# WORK INSTRUCTION
Transcribe exactly the stretch of lines beginning at the one containing "stomach peptic ulcer." and closing with the last line of the entries below. Omit images.

# SUPPLIED RECORDS

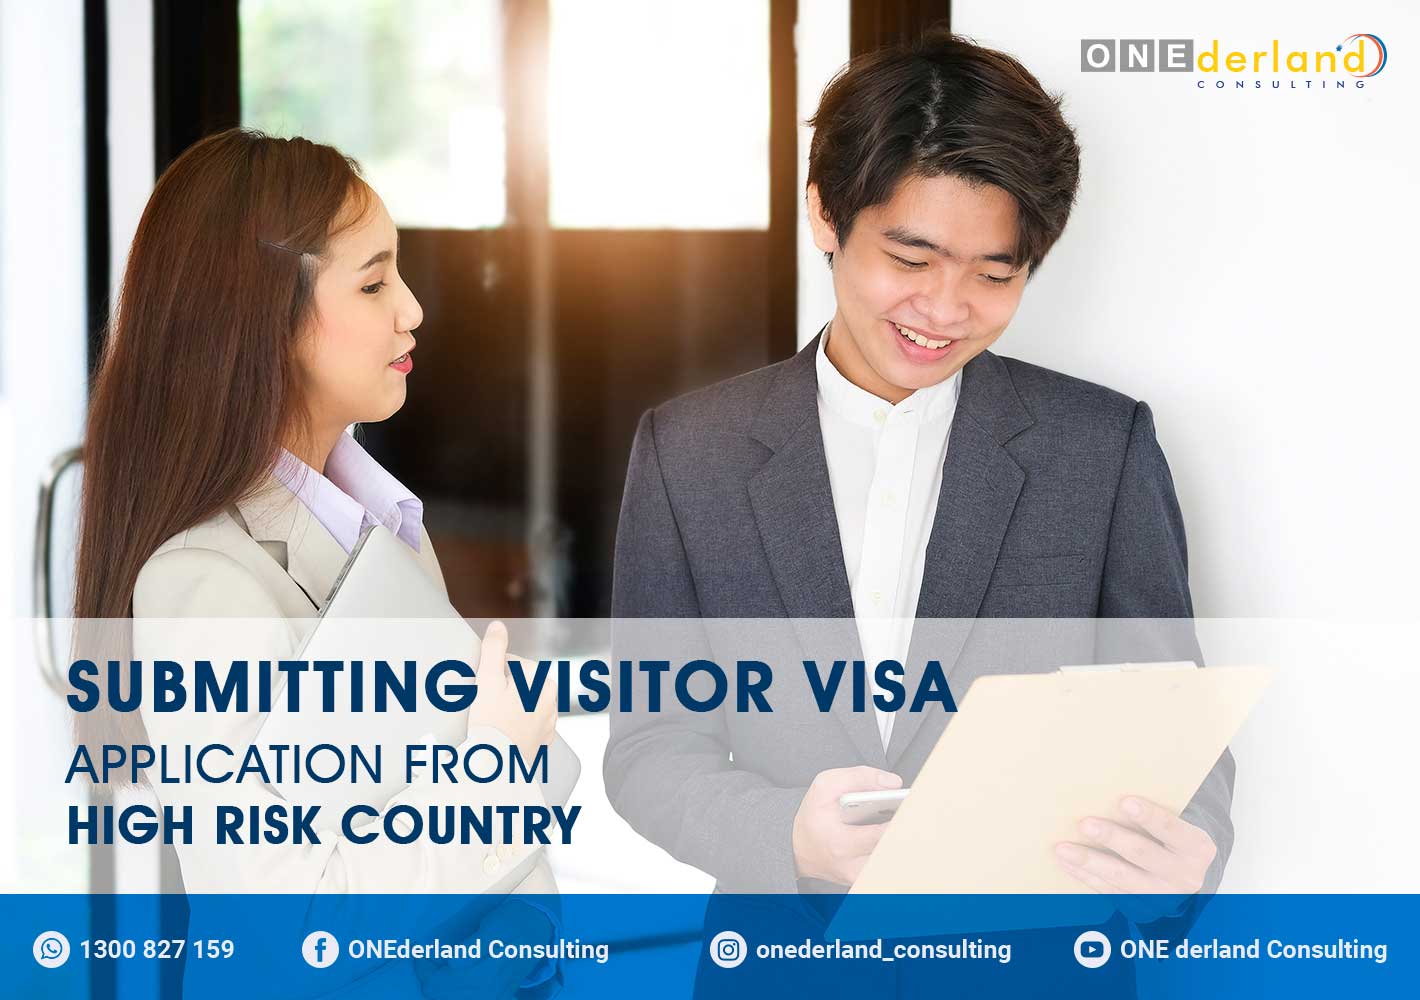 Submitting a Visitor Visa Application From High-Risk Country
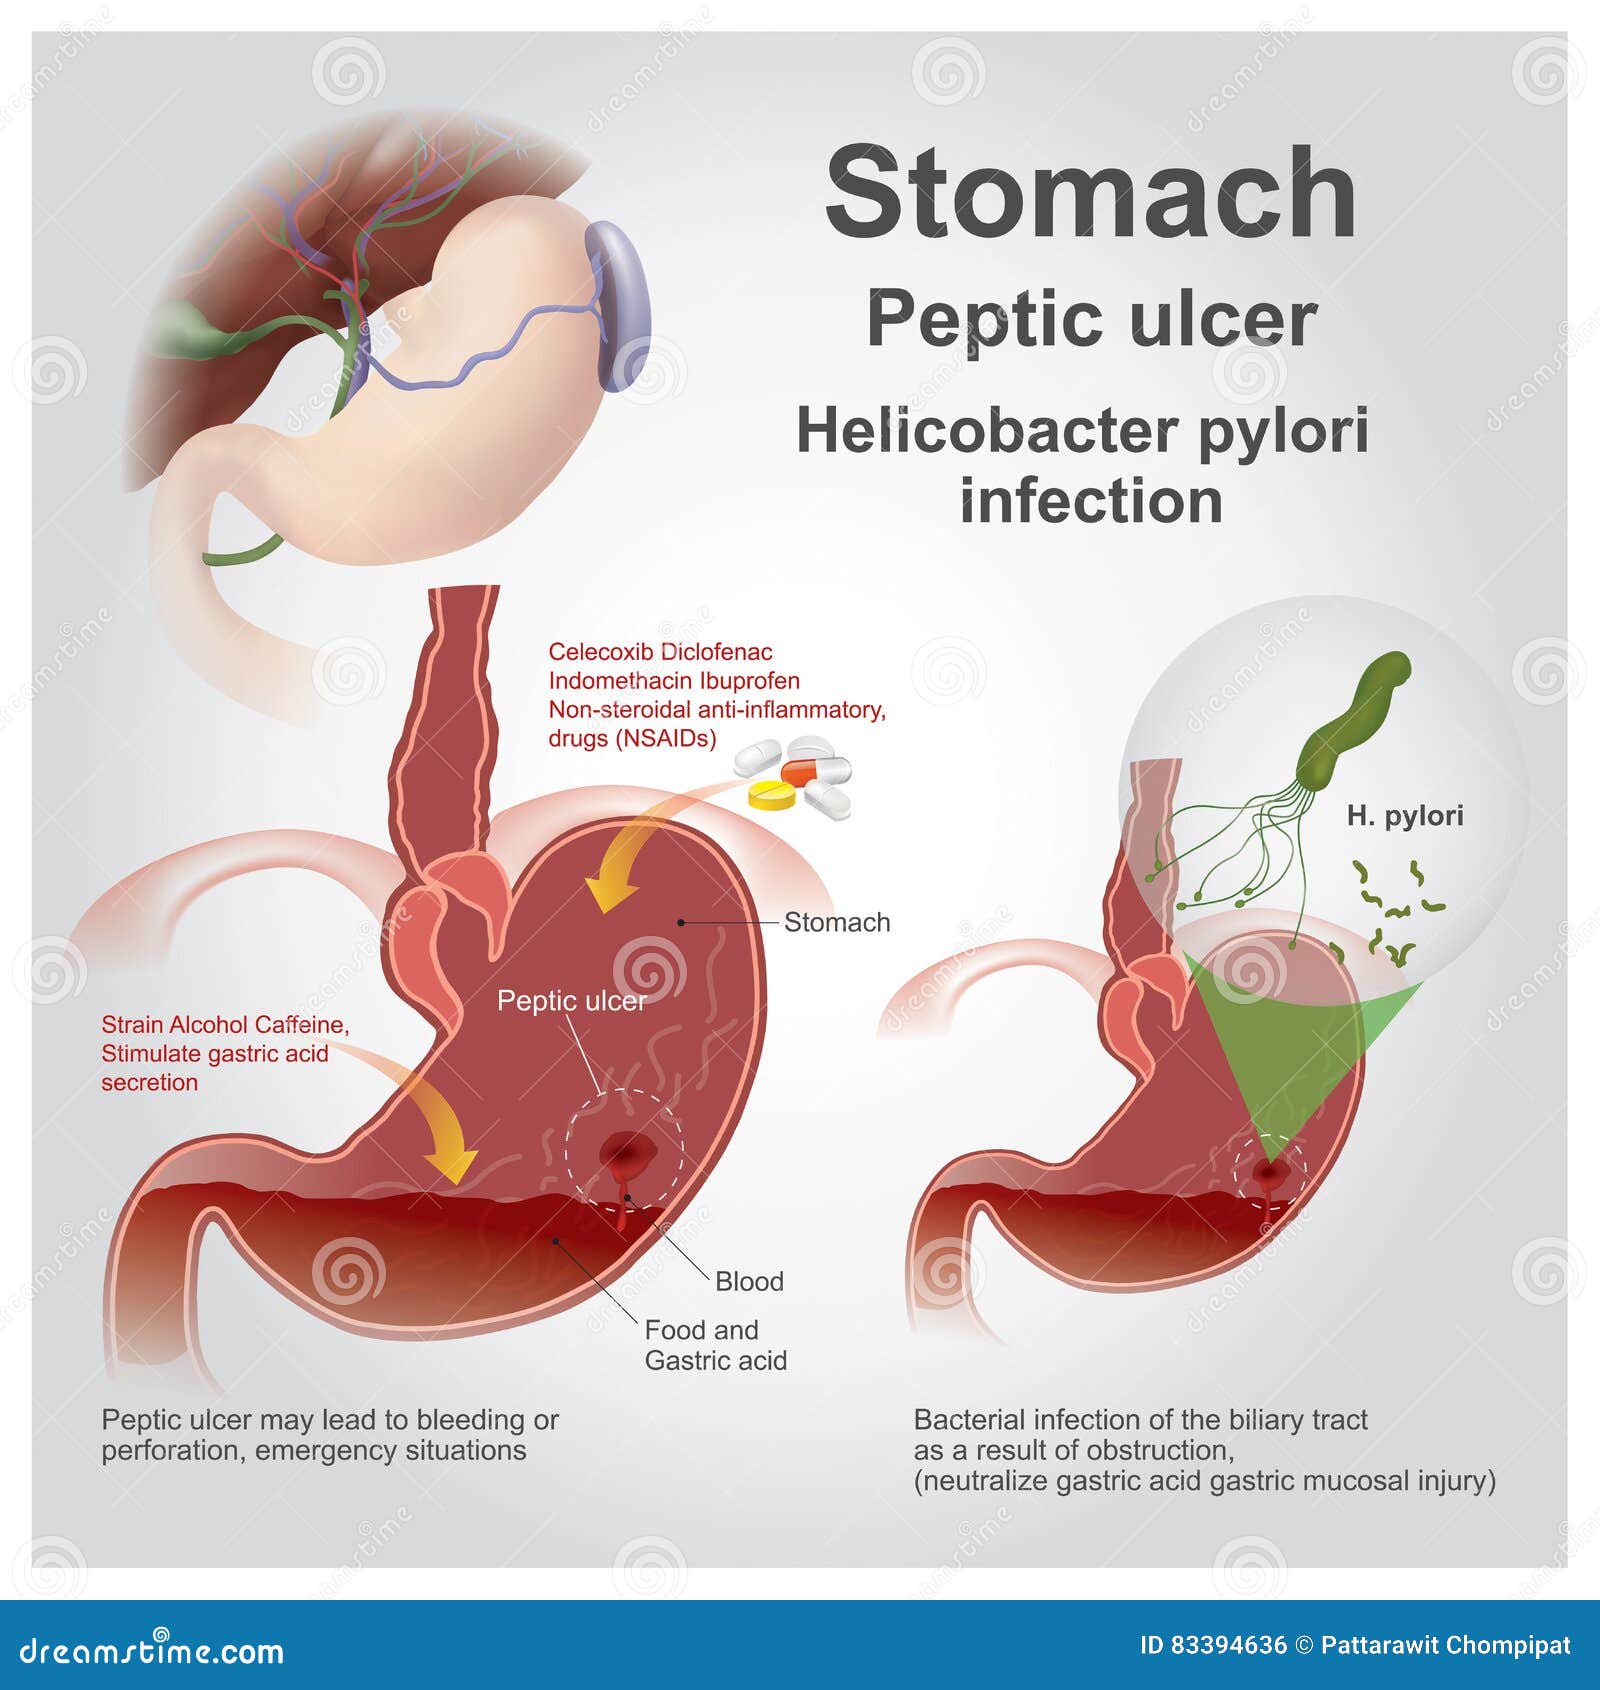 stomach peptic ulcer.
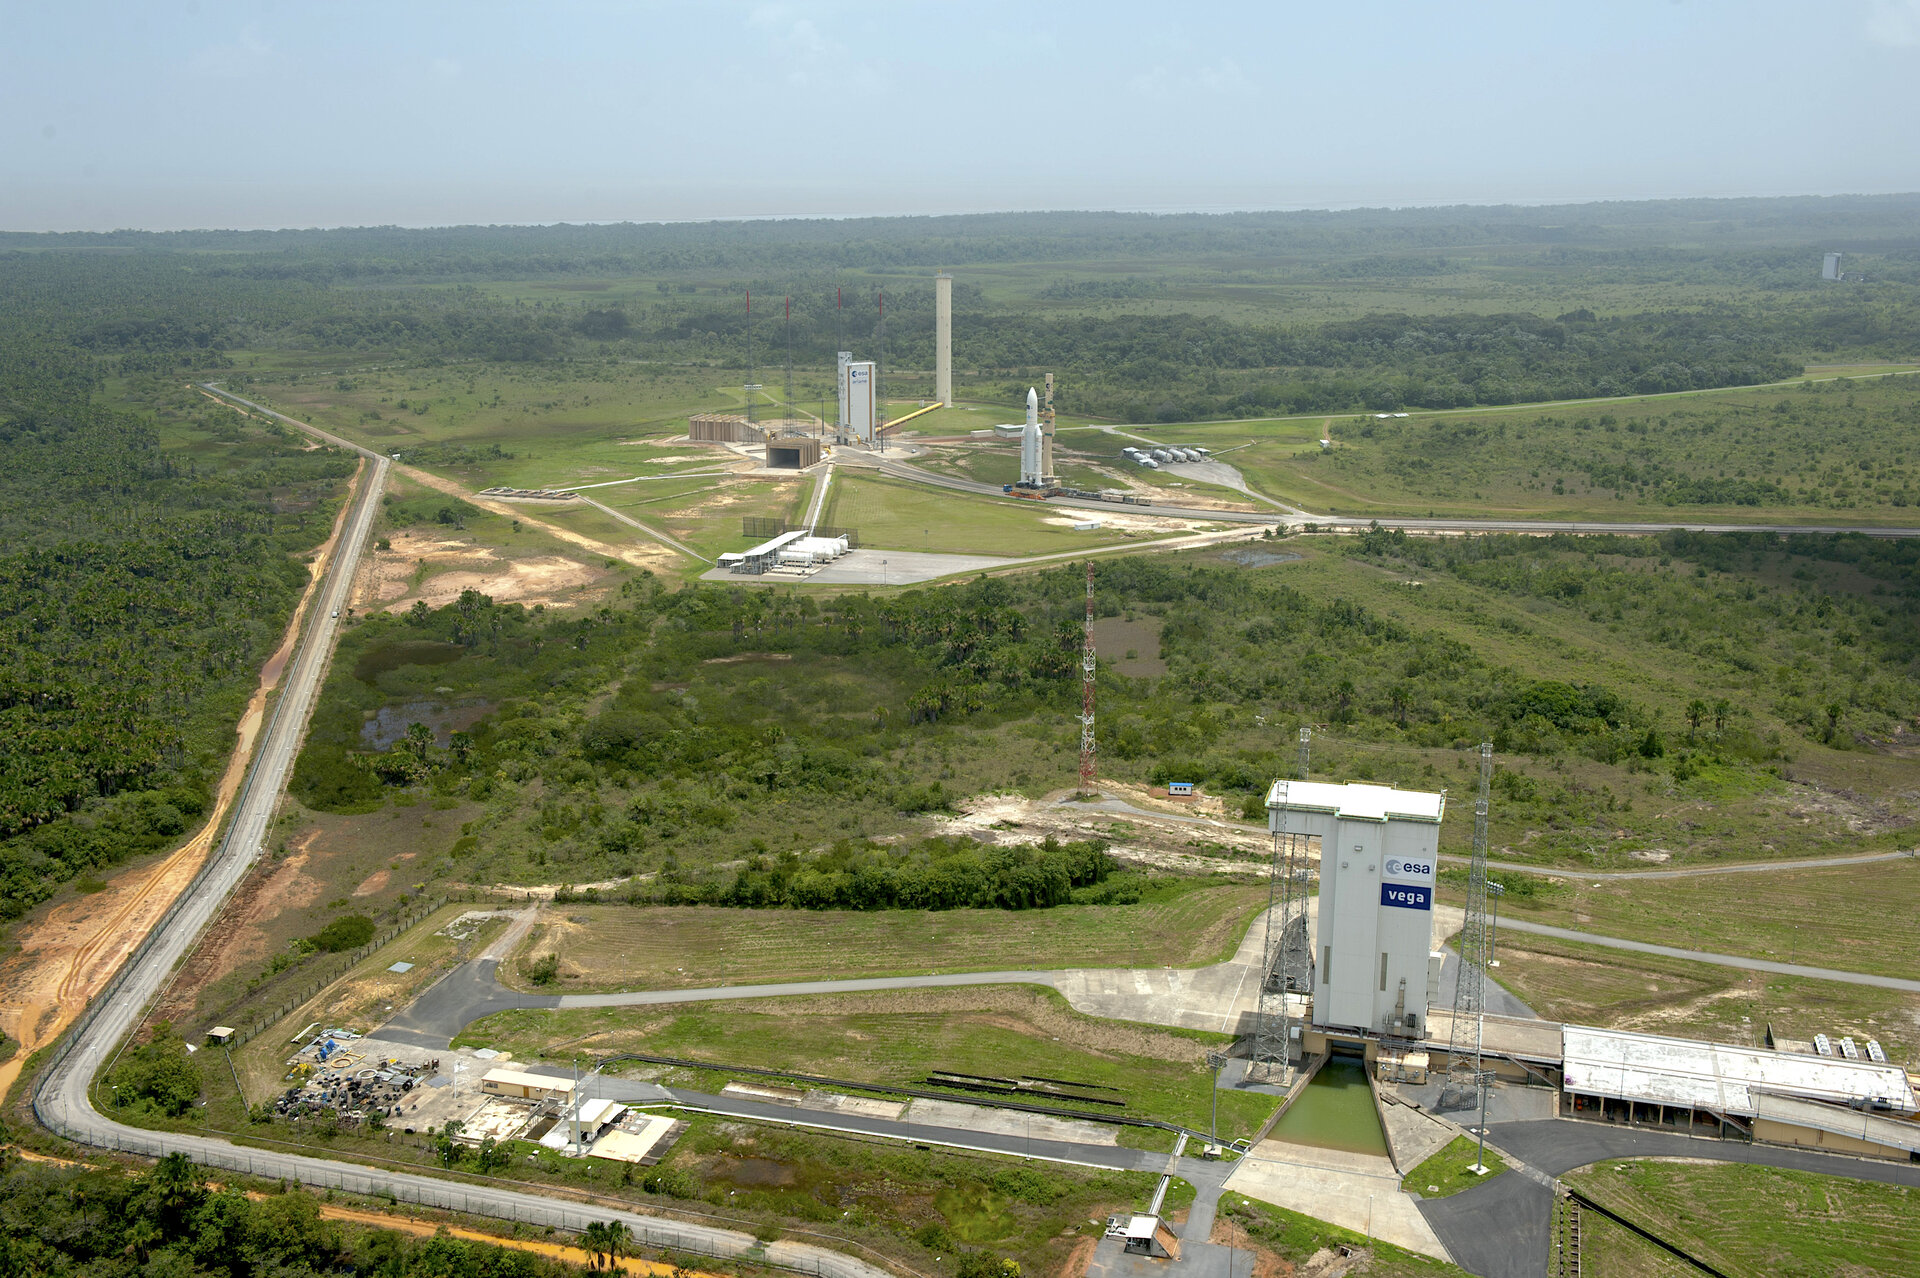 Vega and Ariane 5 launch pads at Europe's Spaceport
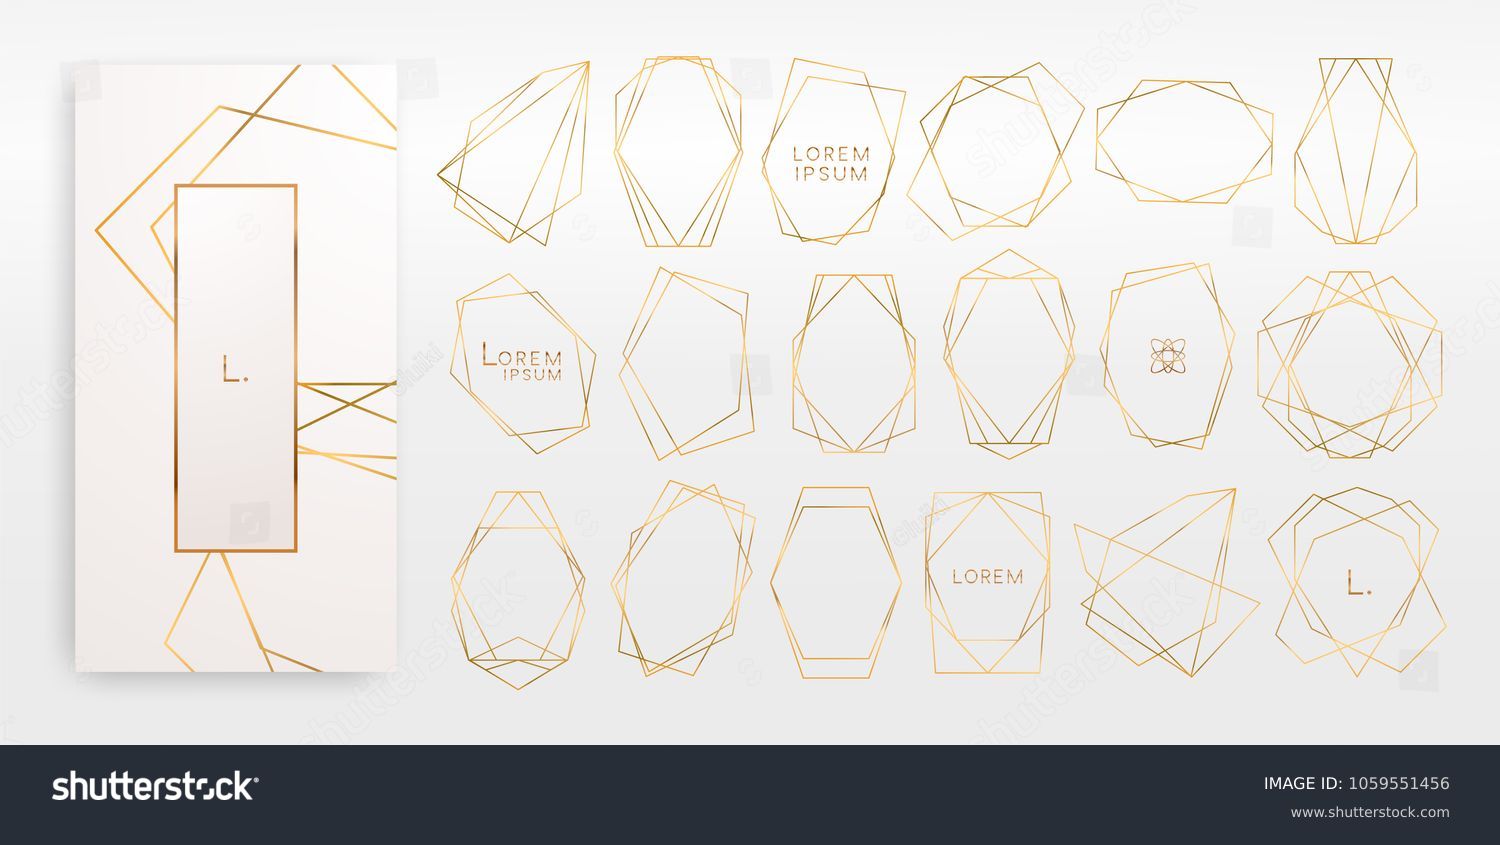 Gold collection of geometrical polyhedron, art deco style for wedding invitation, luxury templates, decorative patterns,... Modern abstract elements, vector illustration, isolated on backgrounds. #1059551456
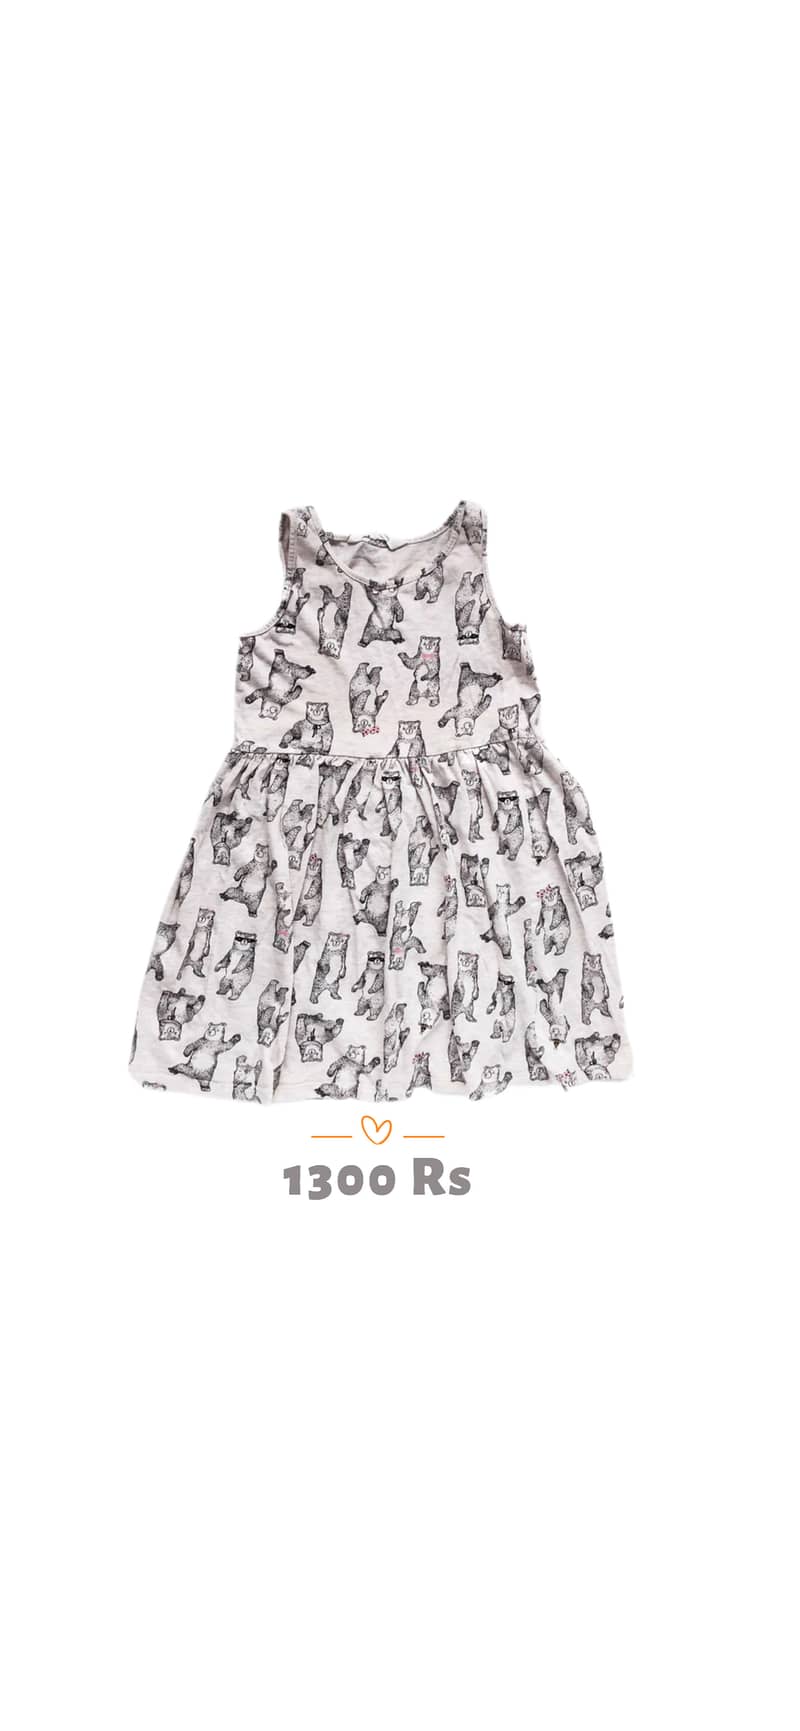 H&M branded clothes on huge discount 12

# OUTPUT BELOW
 stomach peptic ulcer.
 Vega and Ariane 5 launch pads at Europe's Spaceport
 Gold collection of geometrical polyhedron, art deco style for wedding invitation, luxury templates, decorative patterns,... Modern abstract elements, vector illustration, isolated on backgrounds. #1059551456
 H&M branded clothes on huge discount 12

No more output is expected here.